─── Data to process ───

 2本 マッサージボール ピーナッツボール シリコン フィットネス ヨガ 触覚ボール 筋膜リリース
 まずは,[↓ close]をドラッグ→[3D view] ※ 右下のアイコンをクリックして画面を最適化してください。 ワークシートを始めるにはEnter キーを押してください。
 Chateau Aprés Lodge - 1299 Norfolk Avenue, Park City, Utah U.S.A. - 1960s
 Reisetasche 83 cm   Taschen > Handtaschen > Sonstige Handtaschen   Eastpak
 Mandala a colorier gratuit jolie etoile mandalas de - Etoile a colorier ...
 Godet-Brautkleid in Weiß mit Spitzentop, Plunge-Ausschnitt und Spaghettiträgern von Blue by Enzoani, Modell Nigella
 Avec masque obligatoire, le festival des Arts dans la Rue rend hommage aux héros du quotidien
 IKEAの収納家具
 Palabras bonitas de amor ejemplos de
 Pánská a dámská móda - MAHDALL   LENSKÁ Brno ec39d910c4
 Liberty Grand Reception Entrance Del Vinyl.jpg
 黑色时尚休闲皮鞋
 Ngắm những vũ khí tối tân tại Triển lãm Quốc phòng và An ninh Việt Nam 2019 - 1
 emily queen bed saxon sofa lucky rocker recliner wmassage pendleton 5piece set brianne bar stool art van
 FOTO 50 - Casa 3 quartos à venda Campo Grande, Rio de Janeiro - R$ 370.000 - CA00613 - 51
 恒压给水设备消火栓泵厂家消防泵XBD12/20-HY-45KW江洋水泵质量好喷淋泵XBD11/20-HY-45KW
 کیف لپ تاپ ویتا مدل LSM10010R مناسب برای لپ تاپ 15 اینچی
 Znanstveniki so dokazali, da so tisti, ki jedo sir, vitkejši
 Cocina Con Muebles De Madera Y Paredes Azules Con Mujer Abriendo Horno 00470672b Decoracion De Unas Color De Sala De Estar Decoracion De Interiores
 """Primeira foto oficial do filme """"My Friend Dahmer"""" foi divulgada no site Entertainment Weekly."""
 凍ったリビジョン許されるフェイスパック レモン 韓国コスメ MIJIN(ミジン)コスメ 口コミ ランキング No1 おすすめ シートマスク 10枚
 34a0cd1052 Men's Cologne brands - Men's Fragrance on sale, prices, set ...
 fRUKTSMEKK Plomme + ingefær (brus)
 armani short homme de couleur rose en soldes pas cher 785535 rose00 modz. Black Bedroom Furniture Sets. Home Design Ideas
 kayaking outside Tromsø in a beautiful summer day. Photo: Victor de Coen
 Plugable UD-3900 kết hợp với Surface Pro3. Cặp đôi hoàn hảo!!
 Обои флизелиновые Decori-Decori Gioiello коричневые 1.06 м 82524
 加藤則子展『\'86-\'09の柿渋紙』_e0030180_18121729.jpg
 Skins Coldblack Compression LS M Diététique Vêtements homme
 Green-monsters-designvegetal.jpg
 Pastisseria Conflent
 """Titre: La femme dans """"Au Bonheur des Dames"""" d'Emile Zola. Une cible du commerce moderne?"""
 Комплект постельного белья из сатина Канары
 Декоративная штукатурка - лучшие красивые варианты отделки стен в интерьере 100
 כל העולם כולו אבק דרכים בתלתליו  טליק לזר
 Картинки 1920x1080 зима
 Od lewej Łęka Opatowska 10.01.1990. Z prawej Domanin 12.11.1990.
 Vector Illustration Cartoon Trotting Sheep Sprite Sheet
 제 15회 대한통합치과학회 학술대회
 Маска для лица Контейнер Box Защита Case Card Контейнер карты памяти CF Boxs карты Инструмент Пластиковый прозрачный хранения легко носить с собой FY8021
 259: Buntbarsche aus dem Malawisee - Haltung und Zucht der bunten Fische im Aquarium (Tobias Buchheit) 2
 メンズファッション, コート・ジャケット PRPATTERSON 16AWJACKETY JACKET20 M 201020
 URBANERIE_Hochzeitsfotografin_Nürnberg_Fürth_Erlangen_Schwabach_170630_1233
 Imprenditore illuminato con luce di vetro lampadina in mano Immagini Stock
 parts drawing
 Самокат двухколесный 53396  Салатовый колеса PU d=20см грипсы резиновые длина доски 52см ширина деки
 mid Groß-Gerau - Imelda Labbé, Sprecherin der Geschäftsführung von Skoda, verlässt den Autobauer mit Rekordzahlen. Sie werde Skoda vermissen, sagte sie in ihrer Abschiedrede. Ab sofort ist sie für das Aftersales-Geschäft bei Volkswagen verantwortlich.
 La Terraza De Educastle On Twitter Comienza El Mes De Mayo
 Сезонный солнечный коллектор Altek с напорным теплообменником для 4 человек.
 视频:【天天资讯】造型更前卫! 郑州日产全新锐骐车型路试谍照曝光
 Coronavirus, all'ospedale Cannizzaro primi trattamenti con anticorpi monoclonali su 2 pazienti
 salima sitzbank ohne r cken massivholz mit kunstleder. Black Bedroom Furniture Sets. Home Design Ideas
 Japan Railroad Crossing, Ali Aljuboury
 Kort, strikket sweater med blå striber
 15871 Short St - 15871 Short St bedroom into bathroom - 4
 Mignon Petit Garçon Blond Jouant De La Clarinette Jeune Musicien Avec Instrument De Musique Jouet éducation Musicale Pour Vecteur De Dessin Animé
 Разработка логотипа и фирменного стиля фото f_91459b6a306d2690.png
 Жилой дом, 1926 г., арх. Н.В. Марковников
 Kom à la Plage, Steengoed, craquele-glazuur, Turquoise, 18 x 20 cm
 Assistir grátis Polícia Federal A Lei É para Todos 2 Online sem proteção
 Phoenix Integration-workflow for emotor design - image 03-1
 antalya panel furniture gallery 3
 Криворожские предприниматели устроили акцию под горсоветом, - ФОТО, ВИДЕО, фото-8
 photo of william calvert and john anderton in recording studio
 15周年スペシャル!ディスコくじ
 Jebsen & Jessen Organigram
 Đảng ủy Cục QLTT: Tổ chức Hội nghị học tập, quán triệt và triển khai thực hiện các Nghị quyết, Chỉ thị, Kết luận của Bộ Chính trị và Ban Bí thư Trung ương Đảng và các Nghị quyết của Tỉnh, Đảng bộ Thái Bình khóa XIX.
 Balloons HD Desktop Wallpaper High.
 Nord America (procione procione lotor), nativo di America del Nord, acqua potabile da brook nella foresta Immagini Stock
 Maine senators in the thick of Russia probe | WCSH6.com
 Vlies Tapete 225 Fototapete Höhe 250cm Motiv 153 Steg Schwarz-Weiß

───

▸ Task goal
In the listing above, the lines from the one containing "メンズファッション, コート・ジャケット PRPATTERSON" through the one containing "Самокат двухколесный 53396" must be set down exactly, with no other lines.

▸ Reply to the exercise
 メンズファッション, コート・ジャケット PRPATTERSON 16AWJACKETY JACKET20 M 201020
 URBANERIE_Hochzeitsfotografin_Nürnberg_Fürth_Erlangen_Schwabach_170630_1233
 Imprenditore illuminato con luce di vetro lampadina in mano Immagini Stock
 parts drawing
 Самокат двухколесный 53396  Салатовый колеса PU d=20см грипсы резиновые длина доски 52см ширина деки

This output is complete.